Born in 1807, in Nice, the son of humble parents from Genoa, Garibaldi became a sailor at fifteen. While serving in the navy for the Kingdom of Piedmont-Sardinia, Garibald joined the movement of Giuseppe Mazzini, a Genovese revolutionary who founded the secret revolutionary society Giovine Italia (Young Italy) in 1832. It was the first Italian democratic movement to embrace all classes. “Neither pope nor king,” Mazzini declared. “Only God and the people will open the way of the future to us.”

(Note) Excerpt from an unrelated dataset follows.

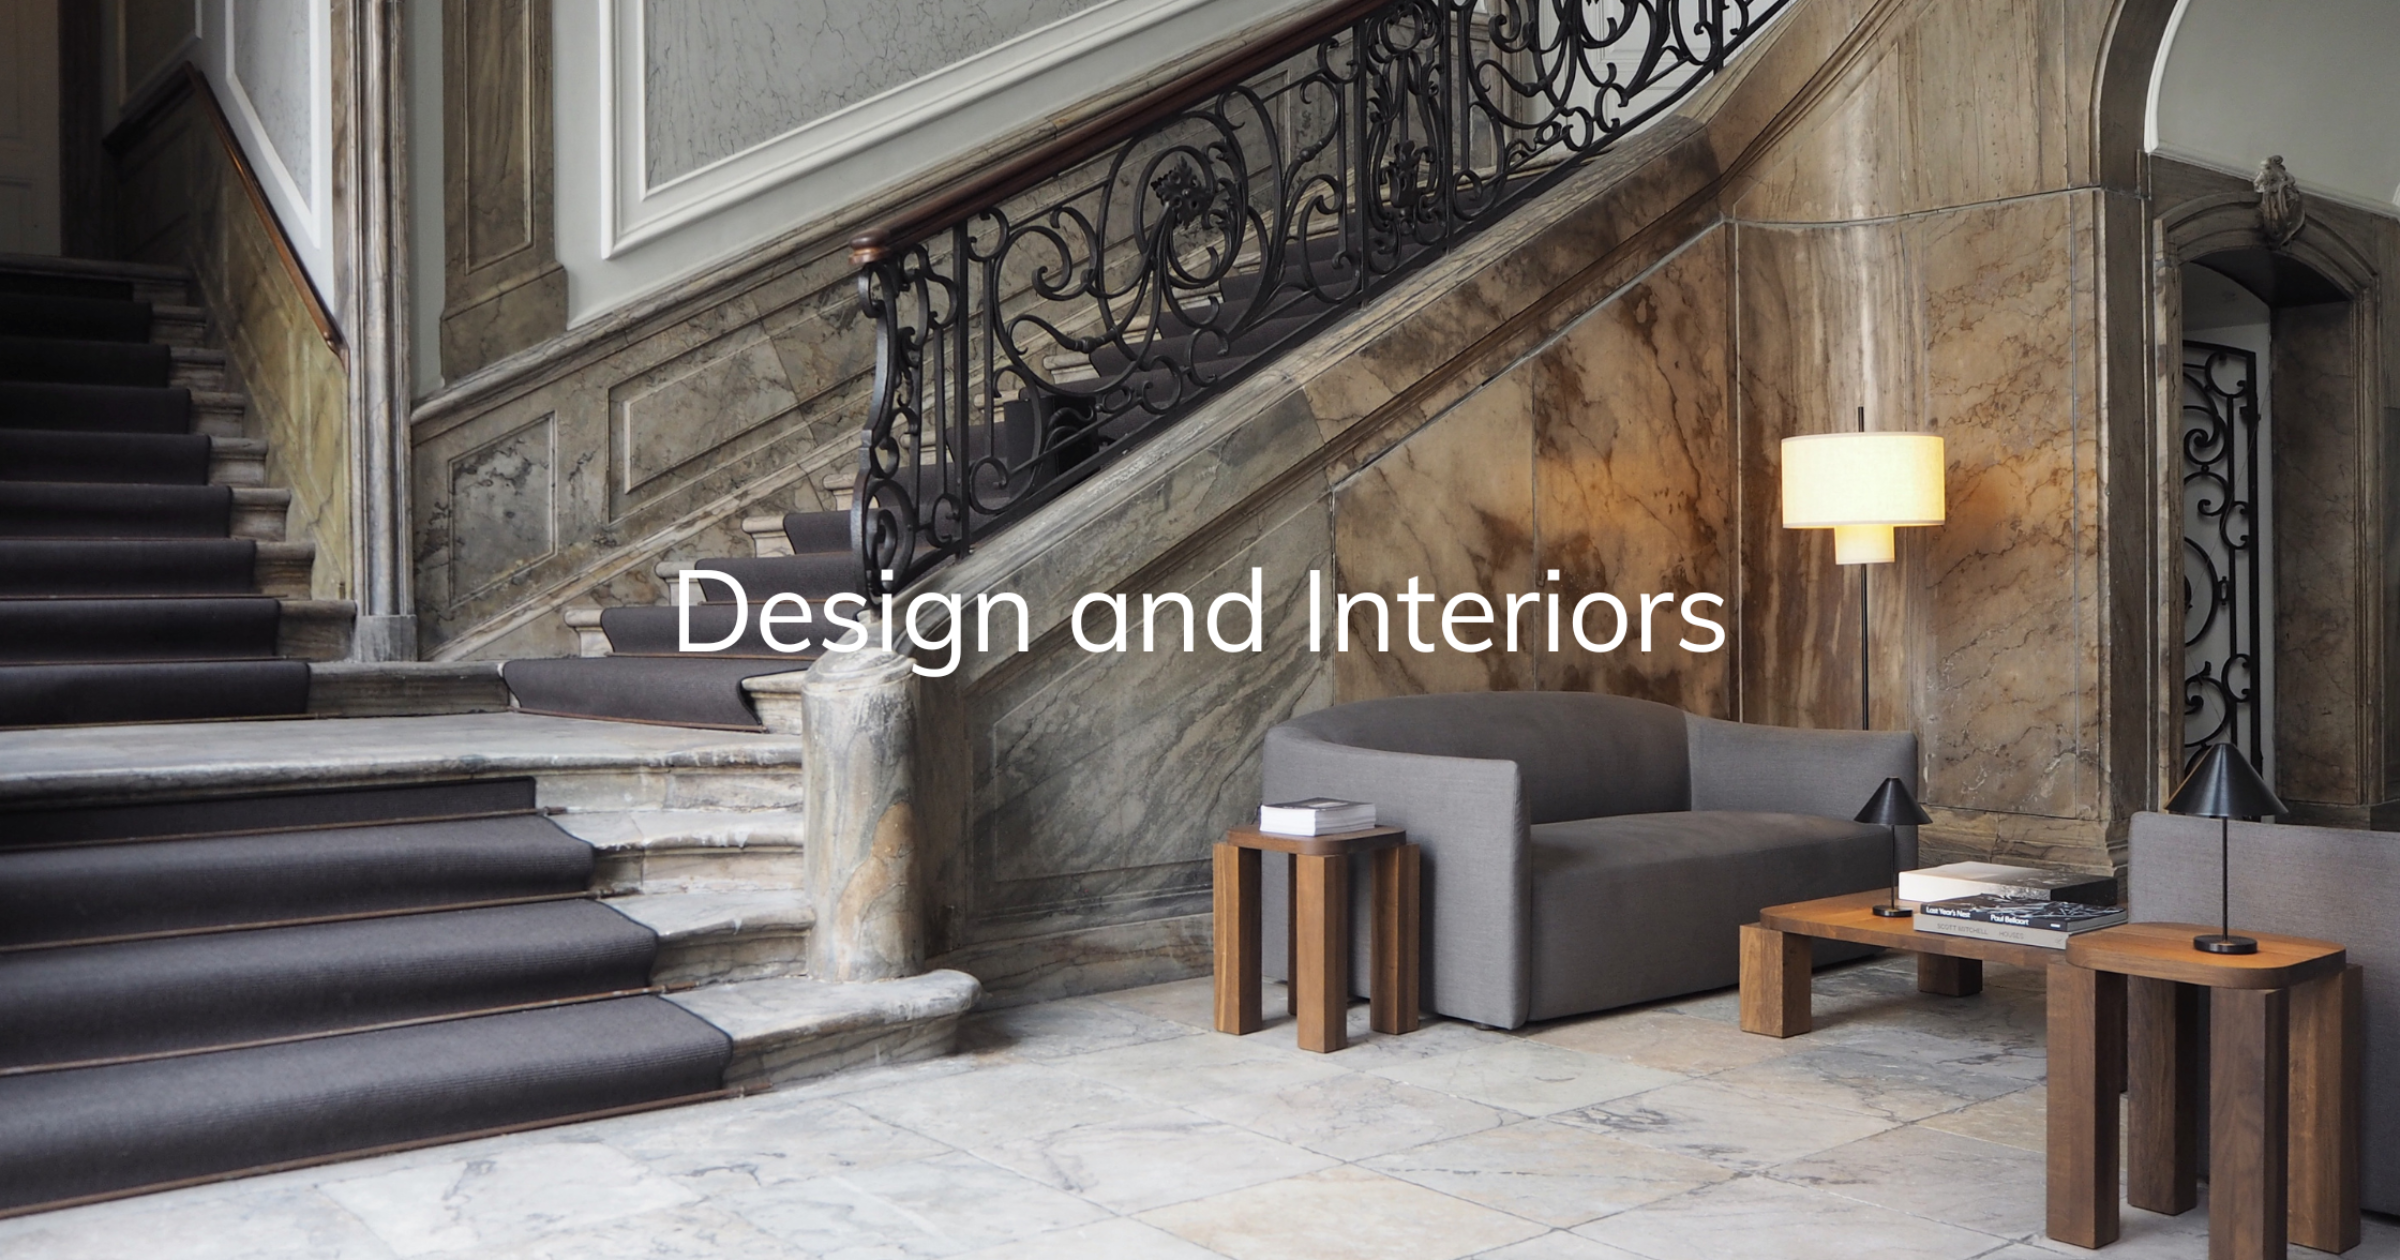 Design and Interiors

After participating in a failed republican uprising in Piedmont in 1834, Garibaldi fled and was condemned to death in absentia by a court in Genoa. He sought asylum in South America from 1836 through 1848, where he helped Uruguay in its war against Argentina. He married a Brazilian woman, Anita, who joined him in the fight.

Garibaldi returned to Italy in 1848 to fight against the Austrians in Milan and the French forces supporting Rome and the Papal States. Although his exploits made him a national hero, Garibaldi and his volunteers were conquered in Rome. Determined not to surrender, he led his men in a successful retreat through central Italy in 1849. Anita Garibaldi died during this retreat.

Though Garibaldi was in exile several times, in 1854,Count Camillo di Cavour, the prime minister of Piedmont, authorized Garibaldi’s return, hoping to wrest him from the influence of the republican Mazzini. In 1858, Cavour requested that Garibaldi prepare for war against Austria by leading a group of volunteers from several Italian provinces. Garibaldi and his men succeeded in acquiring Lombardy for Piedmont.

On May 11, 1860, Garibaldi and his 1,000 Red Shirts (volunteers wearing red shirts for which they were famous) landed at Marsala, Sicily, in an attempt to capture The Kingdom of the Two Sicilies (Sicily and the southern part of mainland Italy) from the Bourbons. Cavour and King Victor Emmanuel had not sanctioned the effort but stood at the ready to help if he proved successful.

A popular revolution in Sicily helped Garibaldi capture Palermo at the end of May and Milazzo in July. He left Sicily and sailed to Naples, entering the city on September 6, 1860, proclaiming himself the “dictator of the Two Sicilies.” In October 1860, he handed over the Kingdom of the Two Sicilies to King Victor Emmanuel and was the first person to hail him as the king of a united Italy.

Although a new kingdom was established in 1861, Garibaldi did not look on it favorably. He opposed Cavour and criticized the lack of respect the new government showed the volunteer soldiers who helped build the new kingdom. Yet, Garibaldi continued to fight for his dream of a united Italy. He helped the kingdom acquire Venice in 1866. Once papal Rome was annexed in 1870, the Risorgimento was complete, finally uniting Italy.

Summing up Garibaldi’s contributions to the Italian state, Denis Mack Smith, a Garibaldi biographer, wrote, “There was little of the intellectual about Garibaldi, yet his simple radicalism sparked the first political awareness in many of his fellow countrymen and brought home to them the significance of nationality. Notwithstanding his turn toward socialism, he remained primarily a nationalist, but the object of his nationalism was always the liberation of peoples and not patriotic aggrandizement. To his embodiment of this aim he owes his eminent place in Italian history.”